While there's nothing ostensibly wrong with this motivator (at least a movie is being directed by a woman about two women), there's something very forced about this uninspired comedy. It's trying desperately to be The Heat — sadly, a PG-13 version, which is part of the problem — but doesn't have the inherent sensibilities or the gusto to make it work.
 
The basic storyline finds the uptight Rose Cooper (Witherspoon), a fledgling detective stuck in the evidence room, stepping out of her comfort zone and into the line of fire when a routine witness protection gig leaves her and Daniella Riva (Vergara), the flashy and abrasive widow of a drug lord, on the run from corrupt detectives. As expected, highly implausible situations surmount, forcing the odd couple to argue, bond, engage in faux-lesbian molestation, dress up like wildlife and straddle each other in the driver's seat of a speeding bus.  It's all quite zany and rarely makes much sense.
 
By sheer merit of construct, the success of this mediocre off-season comedy depends almost entirely on the two leads.

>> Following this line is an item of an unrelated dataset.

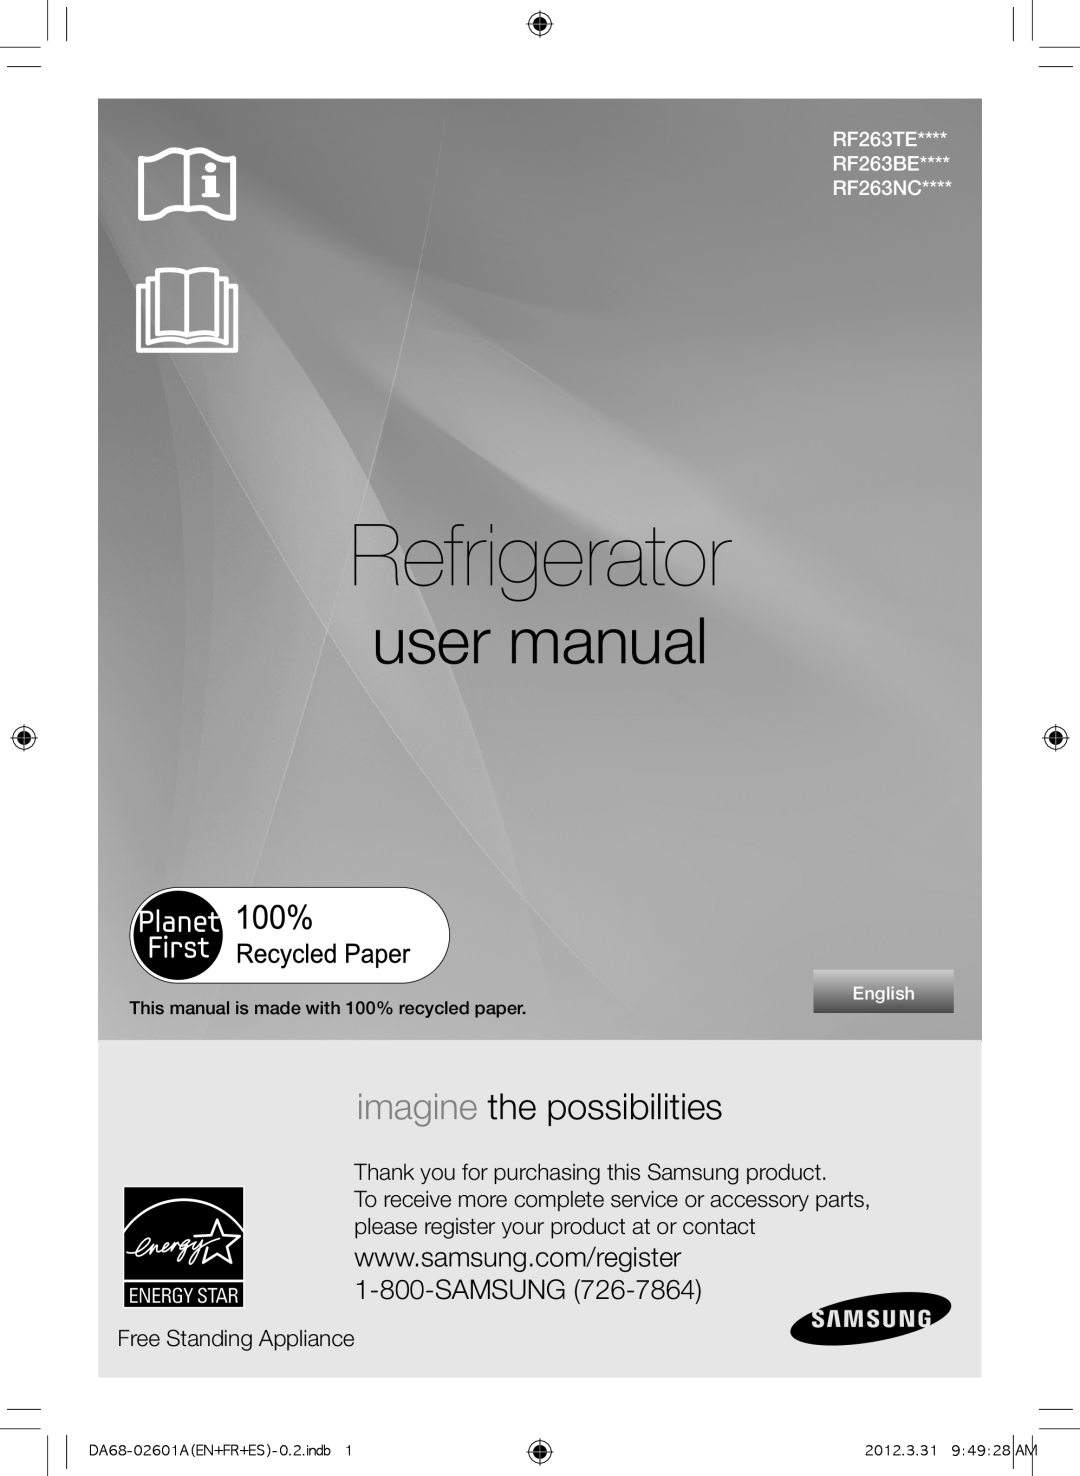 Samsung RF263BEAEBC user manual Refrigerator, imagine the possibilities, Samsung, Free Standing Appliance, English

The plot is all unlikely double-crosses between secondary characters without any development or context, which leaves the road trip dynamic and the endless array of bizarre scenarios involving Witherspoon and Vergara to keep the audience engaged. 
 
To be fair, both actresses do a reasonable job trying to sell the comedy as written and framed. Witherspoon has a knack for playing type-A characters and demonstrates a genuine lack of vanity here, submitting to gags about looking like a young boy and having a moustache. Similarly, Vergara does what she does best — yelling, animated incomprehensible rants and cleavage — which is exactly what the tacky script and the film demands of her. And since the comedy is often a tad too America's Funniest Home Videos for its own good, Fletcher — who has a choreography background — rests on movement and physical comedy to enliven what's otherwise a mostly middling, expository dud with more ineffective set pieces than strong ones. This means that the actresses are regularly groping each other and rolling around for a cheap laugh.
 
In the Blu-ray supplements, Vergara and Witherspoon discuss the physical demands of the shoot with candour (Vergara jokes that Witherspoon probably won't win another Oscar for this one), which explains why their interactions actually work to moderate effect on screen. Even when the gags are stale and the action incoherent, there is still humour in their basic dynamic and ego-less approach. Still, the outtakes are often funnier than what made the cut of the movie, if only because Vergara has a fantastically tactless sense of humour (remember the rape joke she made on The View?), which suggests that there probably should have been a rewrite or two and a little more flexibility with ad-libbing.